===== Information given =====

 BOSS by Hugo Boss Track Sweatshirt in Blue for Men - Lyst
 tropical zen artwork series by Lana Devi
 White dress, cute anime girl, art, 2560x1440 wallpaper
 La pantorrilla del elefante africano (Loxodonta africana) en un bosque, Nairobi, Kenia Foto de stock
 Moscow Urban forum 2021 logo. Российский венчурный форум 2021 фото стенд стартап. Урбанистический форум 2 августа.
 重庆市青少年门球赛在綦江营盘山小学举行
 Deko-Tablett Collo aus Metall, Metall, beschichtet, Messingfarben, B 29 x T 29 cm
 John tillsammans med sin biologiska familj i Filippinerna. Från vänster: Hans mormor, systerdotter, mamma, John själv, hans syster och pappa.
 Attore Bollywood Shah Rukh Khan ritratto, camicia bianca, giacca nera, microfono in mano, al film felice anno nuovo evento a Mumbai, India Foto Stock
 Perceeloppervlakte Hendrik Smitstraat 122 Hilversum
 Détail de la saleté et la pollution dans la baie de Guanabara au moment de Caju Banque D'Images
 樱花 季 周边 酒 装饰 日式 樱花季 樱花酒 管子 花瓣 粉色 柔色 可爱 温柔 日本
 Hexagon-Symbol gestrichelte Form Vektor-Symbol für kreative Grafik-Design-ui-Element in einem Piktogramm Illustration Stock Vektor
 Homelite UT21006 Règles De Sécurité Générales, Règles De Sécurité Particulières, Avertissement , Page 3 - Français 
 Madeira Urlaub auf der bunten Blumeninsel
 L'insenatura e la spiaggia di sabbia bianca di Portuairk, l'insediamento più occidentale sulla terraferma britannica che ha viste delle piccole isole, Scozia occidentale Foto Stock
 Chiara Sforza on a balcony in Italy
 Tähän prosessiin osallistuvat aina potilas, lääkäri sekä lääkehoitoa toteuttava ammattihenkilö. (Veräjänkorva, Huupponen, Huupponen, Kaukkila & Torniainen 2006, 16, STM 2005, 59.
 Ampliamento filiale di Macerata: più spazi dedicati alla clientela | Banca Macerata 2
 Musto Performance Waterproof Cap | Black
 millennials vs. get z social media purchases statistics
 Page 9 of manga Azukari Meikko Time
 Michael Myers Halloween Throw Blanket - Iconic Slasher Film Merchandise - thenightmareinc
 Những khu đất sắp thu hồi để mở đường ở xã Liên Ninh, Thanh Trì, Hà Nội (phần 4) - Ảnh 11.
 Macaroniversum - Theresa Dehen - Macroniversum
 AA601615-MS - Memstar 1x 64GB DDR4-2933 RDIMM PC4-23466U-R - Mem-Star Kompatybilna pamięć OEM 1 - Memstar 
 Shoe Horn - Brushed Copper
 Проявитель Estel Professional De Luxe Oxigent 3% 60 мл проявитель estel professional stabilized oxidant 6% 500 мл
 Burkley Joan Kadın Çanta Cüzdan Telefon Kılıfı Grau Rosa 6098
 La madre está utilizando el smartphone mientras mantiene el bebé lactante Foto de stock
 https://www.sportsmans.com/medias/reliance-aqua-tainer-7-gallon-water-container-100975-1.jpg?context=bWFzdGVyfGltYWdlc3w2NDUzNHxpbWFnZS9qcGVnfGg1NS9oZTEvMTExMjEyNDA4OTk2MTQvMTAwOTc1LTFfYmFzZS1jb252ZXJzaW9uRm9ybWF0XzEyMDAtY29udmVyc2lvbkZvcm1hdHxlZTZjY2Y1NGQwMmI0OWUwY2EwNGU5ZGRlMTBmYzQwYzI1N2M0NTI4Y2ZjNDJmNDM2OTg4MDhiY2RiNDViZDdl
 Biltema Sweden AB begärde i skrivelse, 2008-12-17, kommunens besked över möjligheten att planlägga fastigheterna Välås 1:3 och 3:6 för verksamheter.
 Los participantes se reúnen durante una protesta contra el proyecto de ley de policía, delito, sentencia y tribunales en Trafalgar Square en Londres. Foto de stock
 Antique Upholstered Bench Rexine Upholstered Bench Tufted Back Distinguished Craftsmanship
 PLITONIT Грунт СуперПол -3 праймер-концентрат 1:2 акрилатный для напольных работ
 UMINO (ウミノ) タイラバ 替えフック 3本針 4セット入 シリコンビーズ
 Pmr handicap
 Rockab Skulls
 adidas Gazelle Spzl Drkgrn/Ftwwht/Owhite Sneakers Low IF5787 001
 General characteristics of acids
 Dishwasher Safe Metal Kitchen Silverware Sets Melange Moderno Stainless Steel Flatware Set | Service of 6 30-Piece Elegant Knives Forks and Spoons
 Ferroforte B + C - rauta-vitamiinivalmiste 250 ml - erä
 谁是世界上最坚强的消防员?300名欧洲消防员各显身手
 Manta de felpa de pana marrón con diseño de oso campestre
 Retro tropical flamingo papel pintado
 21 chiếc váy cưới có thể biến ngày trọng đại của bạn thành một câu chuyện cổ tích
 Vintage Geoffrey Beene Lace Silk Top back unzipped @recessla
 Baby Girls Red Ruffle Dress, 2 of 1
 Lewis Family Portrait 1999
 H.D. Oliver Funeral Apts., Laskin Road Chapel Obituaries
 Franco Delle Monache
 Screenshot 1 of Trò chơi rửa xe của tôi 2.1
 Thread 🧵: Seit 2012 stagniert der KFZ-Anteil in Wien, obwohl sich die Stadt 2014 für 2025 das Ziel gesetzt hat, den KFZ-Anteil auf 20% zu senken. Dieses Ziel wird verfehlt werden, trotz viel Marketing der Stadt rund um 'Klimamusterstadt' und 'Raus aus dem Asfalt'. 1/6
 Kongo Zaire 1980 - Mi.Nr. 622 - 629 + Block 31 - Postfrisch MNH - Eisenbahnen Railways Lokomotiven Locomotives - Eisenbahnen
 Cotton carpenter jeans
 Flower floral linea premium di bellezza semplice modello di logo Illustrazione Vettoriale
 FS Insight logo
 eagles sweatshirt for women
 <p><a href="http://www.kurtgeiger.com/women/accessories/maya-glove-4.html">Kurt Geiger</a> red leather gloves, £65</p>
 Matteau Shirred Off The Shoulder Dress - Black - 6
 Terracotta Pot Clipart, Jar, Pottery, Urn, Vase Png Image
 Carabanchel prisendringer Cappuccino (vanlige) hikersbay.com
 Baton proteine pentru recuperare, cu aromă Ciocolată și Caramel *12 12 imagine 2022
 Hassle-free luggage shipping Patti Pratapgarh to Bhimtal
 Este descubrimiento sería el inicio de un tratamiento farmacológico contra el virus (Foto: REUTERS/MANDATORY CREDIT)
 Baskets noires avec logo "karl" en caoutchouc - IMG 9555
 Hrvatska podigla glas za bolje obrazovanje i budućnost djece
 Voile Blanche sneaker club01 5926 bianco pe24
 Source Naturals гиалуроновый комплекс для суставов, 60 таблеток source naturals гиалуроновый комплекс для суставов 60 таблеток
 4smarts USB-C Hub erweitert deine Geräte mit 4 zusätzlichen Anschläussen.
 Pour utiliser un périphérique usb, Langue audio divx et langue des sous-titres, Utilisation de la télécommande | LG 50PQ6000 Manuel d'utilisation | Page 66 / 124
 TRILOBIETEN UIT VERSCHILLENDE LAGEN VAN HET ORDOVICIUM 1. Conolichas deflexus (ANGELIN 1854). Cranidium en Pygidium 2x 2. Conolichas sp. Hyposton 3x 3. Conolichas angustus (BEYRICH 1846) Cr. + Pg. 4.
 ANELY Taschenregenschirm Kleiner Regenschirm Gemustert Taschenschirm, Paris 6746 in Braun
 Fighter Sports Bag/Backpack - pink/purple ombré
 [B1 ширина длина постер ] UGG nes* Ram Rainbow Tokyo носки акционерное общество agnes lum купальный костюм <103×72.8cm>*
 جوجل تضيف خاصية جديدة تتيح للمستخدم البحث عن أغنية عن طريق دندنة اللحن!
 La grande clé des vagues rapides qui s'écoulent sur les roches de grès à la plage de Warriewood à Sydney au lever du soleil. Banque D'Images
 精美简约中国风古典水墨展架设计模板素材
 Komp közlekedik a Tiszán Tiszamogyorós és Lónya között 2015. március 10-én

=====

- **Task item**
Look above for the line holding "Screenshot 1 of Trò chơi rửa xe của tôi 2.1". Print it and every line after it, exactly, through the line holding "Voile Blanche sneaker".

- **Answer for the task**
 Screenshot 1 of Trò chơi rửa xe của tôi 2.1
 Thread 🧵: Seit 2012 stagniert der KFZ-Anteil in Wien, obwohl sich die Stadt 2014 für 2025 das Ziel gesetzt hat, den KFZ-Anteil auf 20% zu senken. Dieses Ziel wird verfehlt werden, trotz viel Marketing der Stadt rund um 'Klimamusterstadt' und 'Raus aus dem Asfalt'. 1/6
 Kongo Zaire 1980 - Mi.Nr. 622 - 629 + Block 31 - Postfrisch MNH - Eisenbahnen Railways Lokomotiven Locomotives - Eisenbahnen
 Cotton carpenter jeans
 Flower floral linea premium di bellezza semplice modello di logo Illustrazione Vettoriale
 FS Insight logo
 eagles sweatshirt for women
 <p><a href="http://www.kurtgeiger.com/women/accessories/maya-glove-4.html">Kurt Geiger</a> red leather gloves, £65</p>
 Matteau Shirred Off The Shoulder Dress - Black - 6
 Terracotta Pot Clipart, Jar, Pottery, Urn, Vase Png Image
 Carabanchel prisendringer Cappuccino (vanlige) hikersbay.com
 Baton proteine pentru recuperare, cu aromă Ciocolată și Caramel *12 12 imagine 2022
 Hassle-free luggage shipping Patti Pratapgarh to Bhimtal
 Este descubrimiento sería el inicio de un tratamiento farmacológico contra el virus (Foto: REUTERS/MANDATORY CREDIT)
 Baskets noires avec logo "karl" en caoutchouc - IMG 9555
 Hrvatska podigla glas za bolje obrazovanje i budućnost djece
 Voile Blanche sneaker club01 5926 bianco pe24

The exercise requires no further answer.